■ **EXERCISE AIM**: Write out the listing verbatim. No pictures belong in it.

■ **THE DATA**:

......

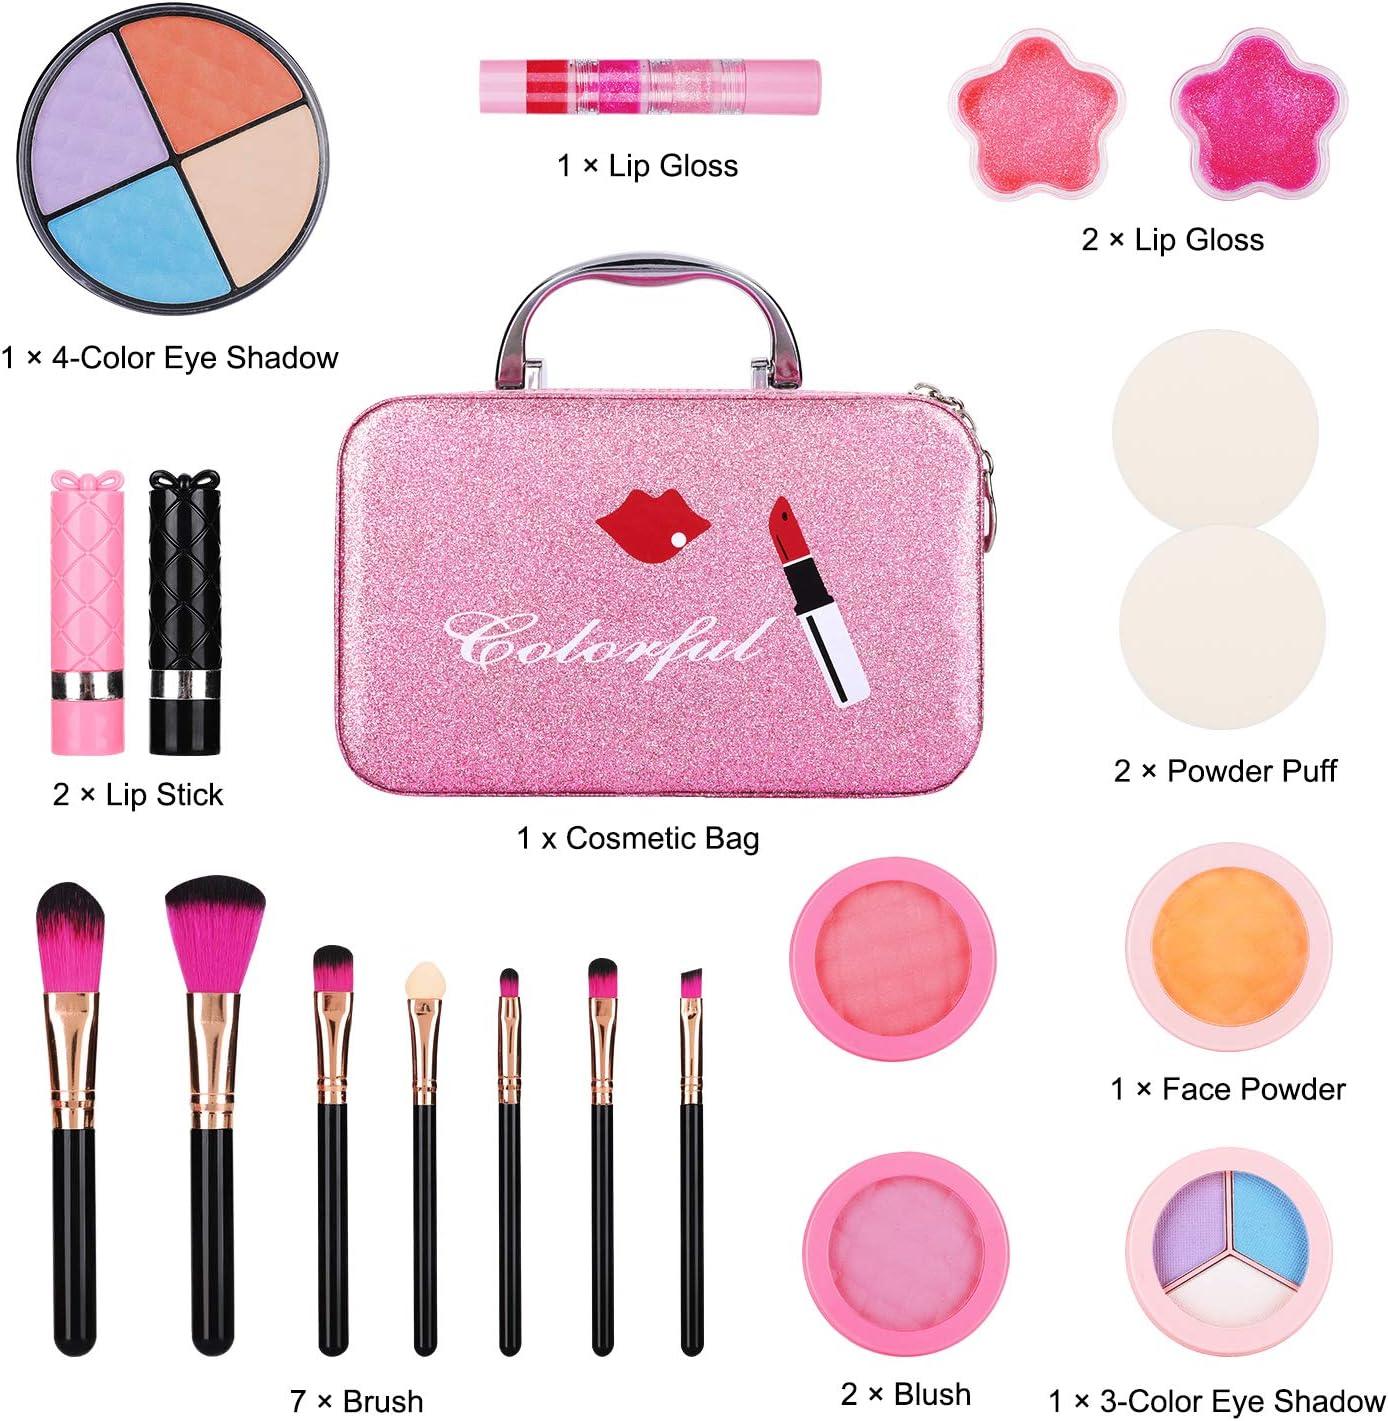 ARANEE Maquillaje Niñas Set Maletin Juguete Niña 21 PCS: Amazon.es: Juguetes y juegos
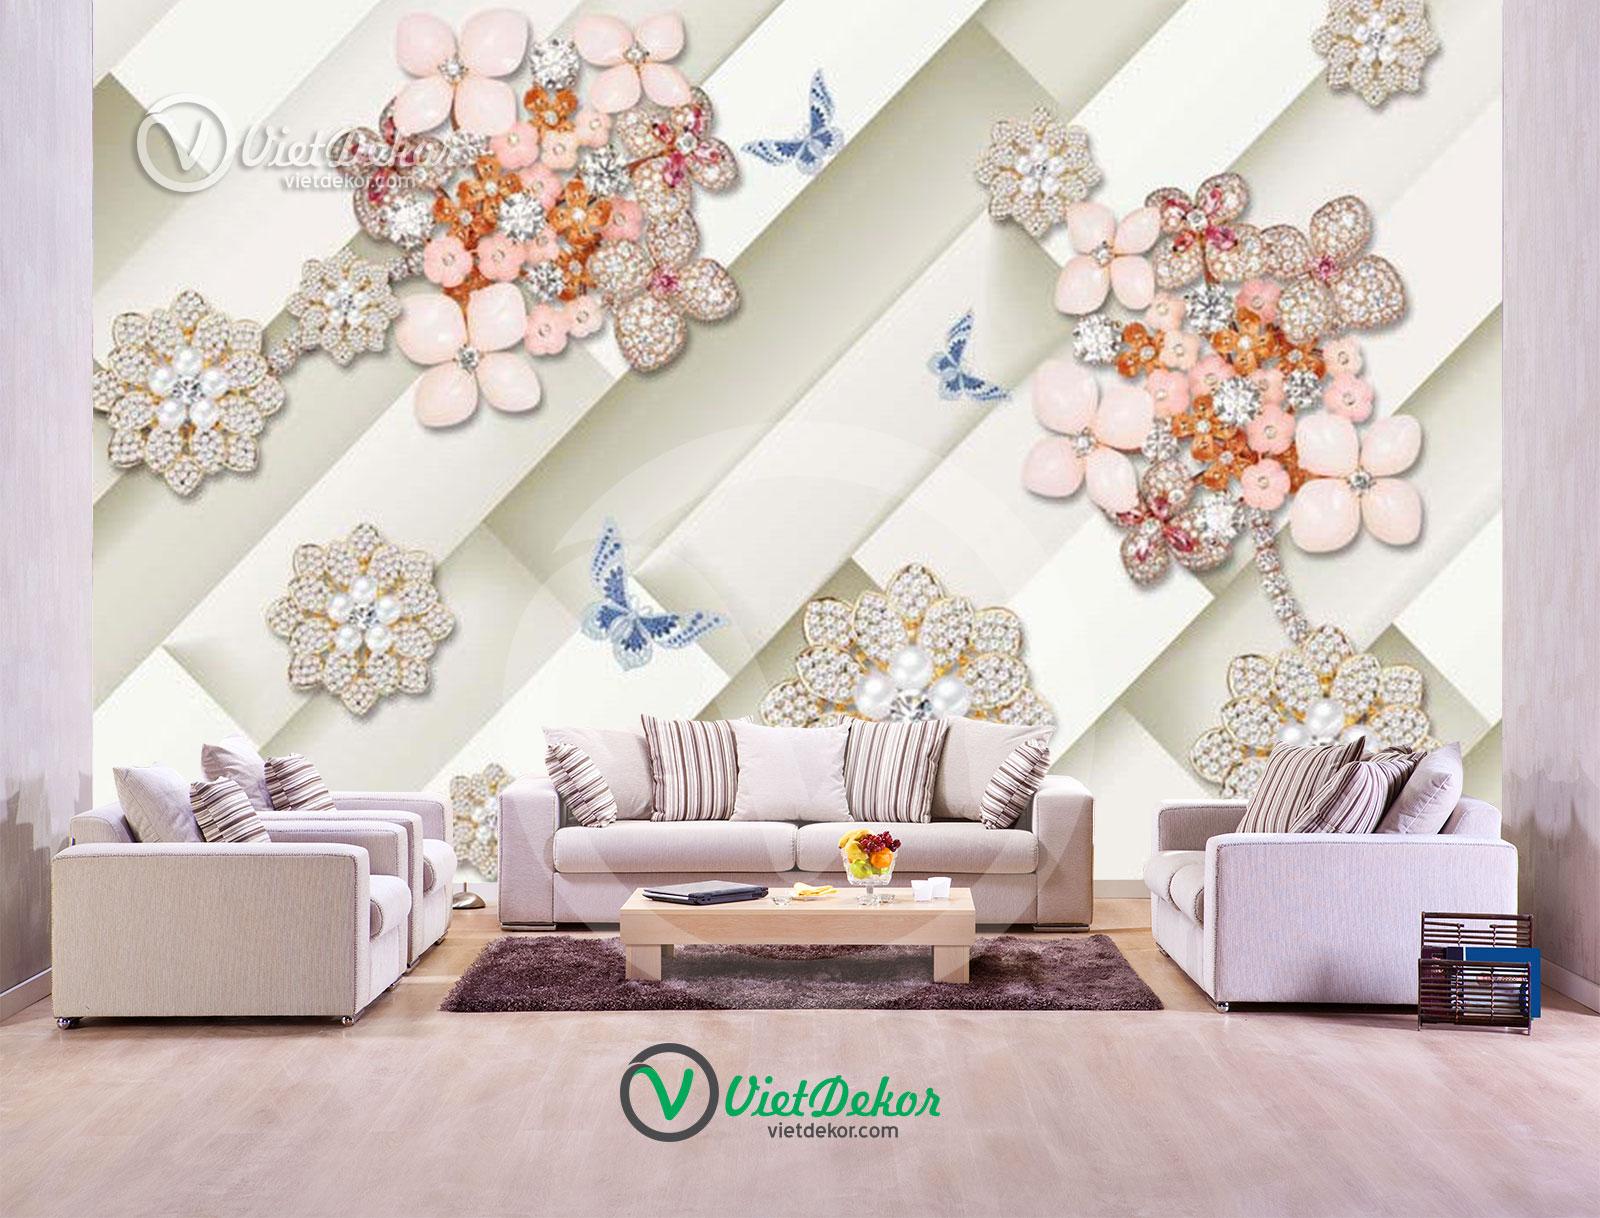 Tranh dán tường 3d hoa ngọc trai trang sức
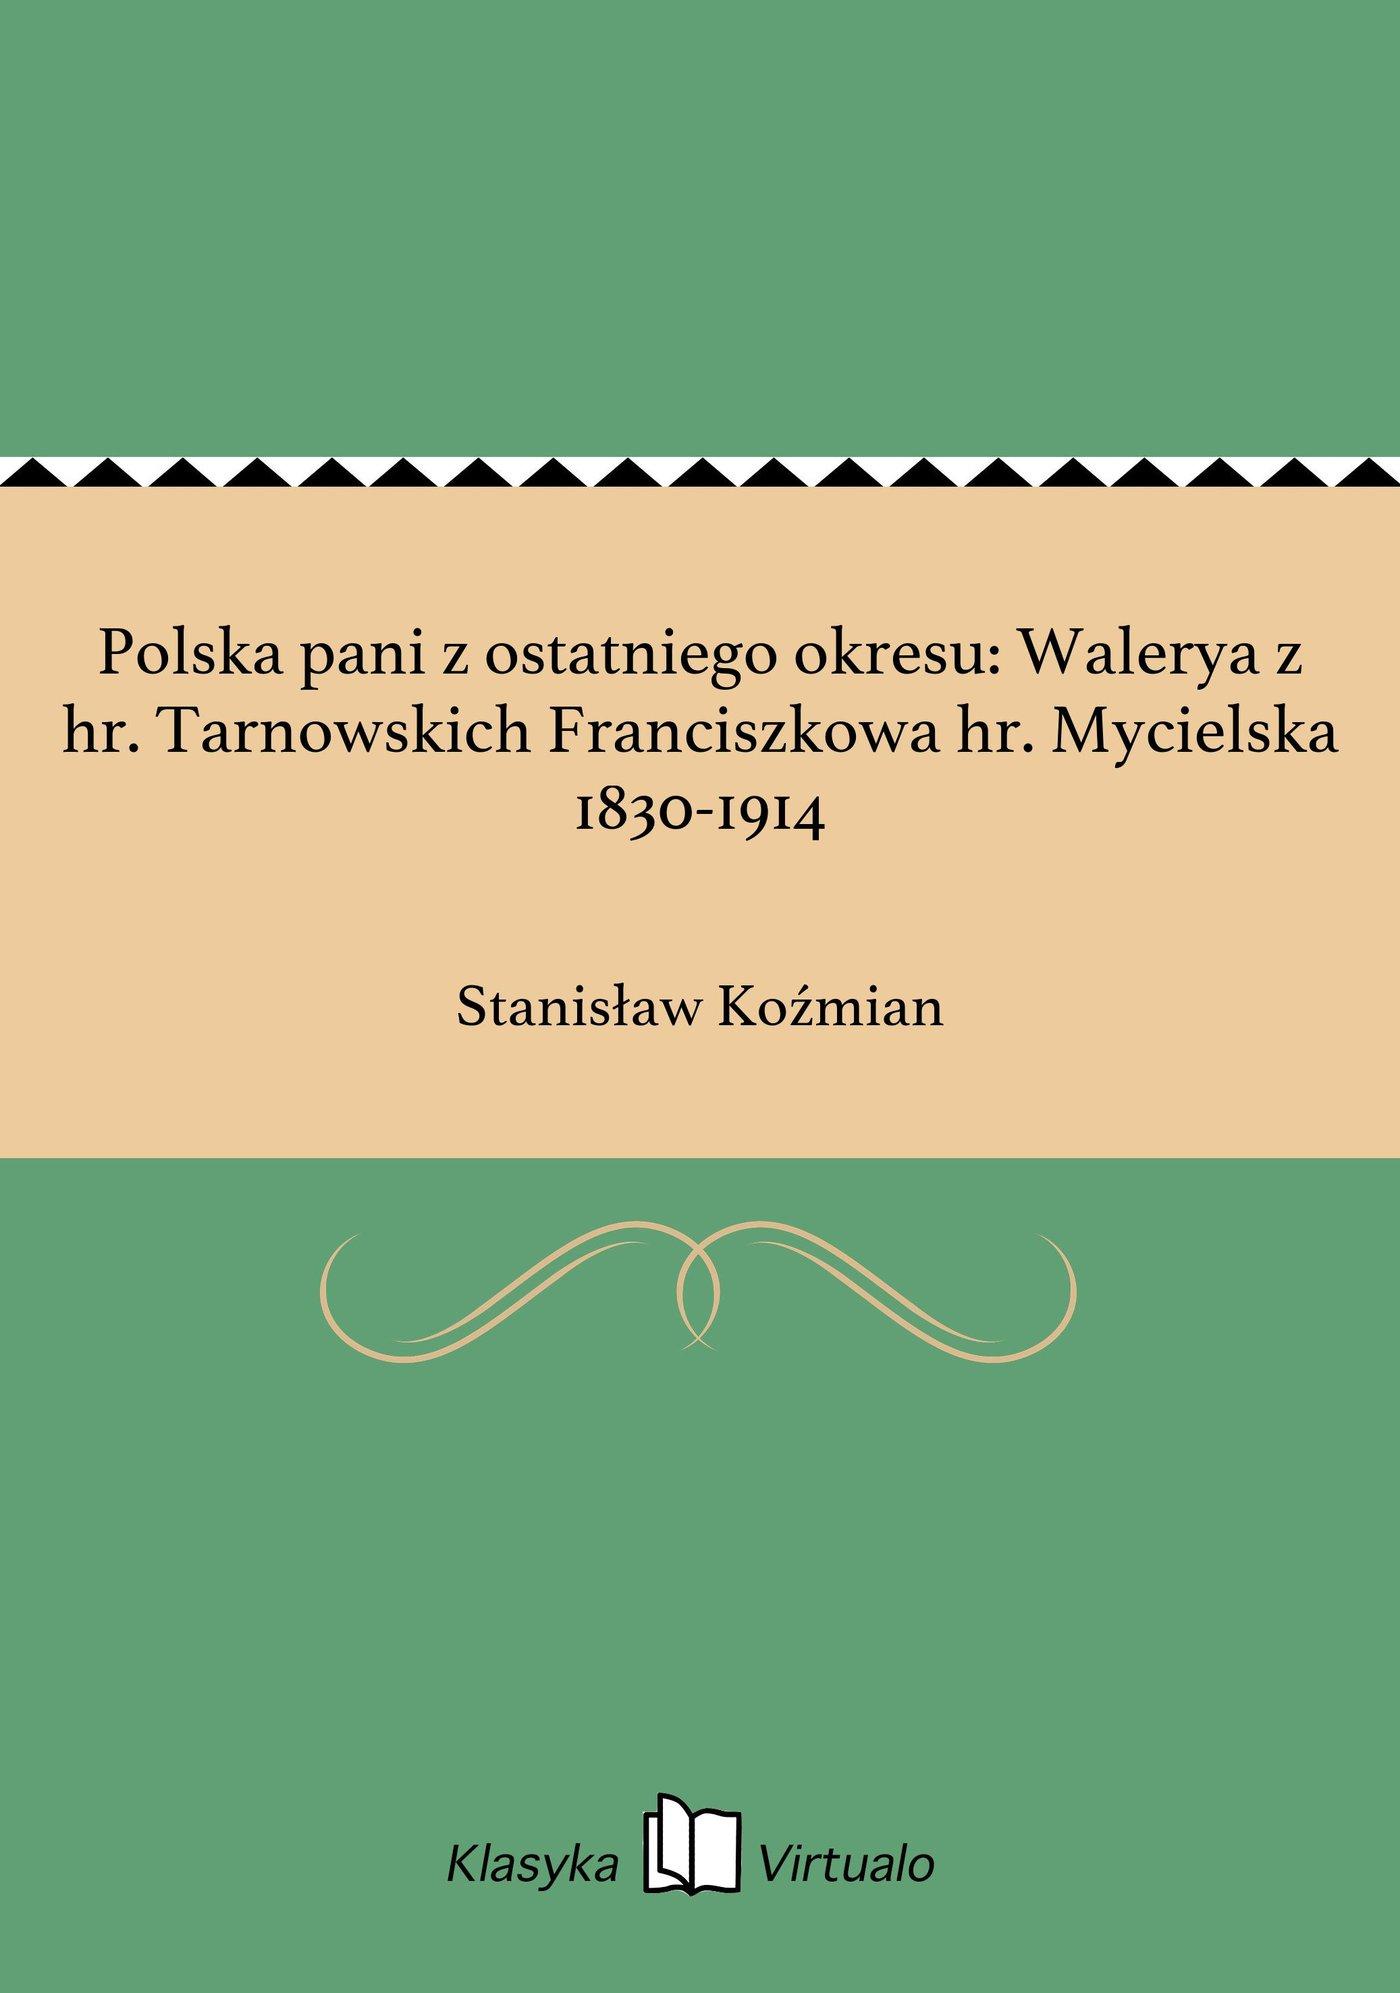 Polska pani z ostatniego okresu: Walerya z hr. Tarnowskich Franciszkowa hr. Mycielska 1830-1914 - Ebook (Książka EPUB) do pobrania w formacie EPUB

......

■ **RESPONSE AREA**:
 ARANEE Maquillaje Niñas Set Maletin Juguete Niña 21 PCS: Amazon.es: Juguetes y juegos
 Tranh dán tường 3d hoa ngọc trai trang sức
 Polska pani z ostatniego okresu: Walerya z hr. Tarnowskich Franciszkowa hr. Mycielska 1830-1914 - Ebook (Książka EPUB) do pobrania w formacie EPUB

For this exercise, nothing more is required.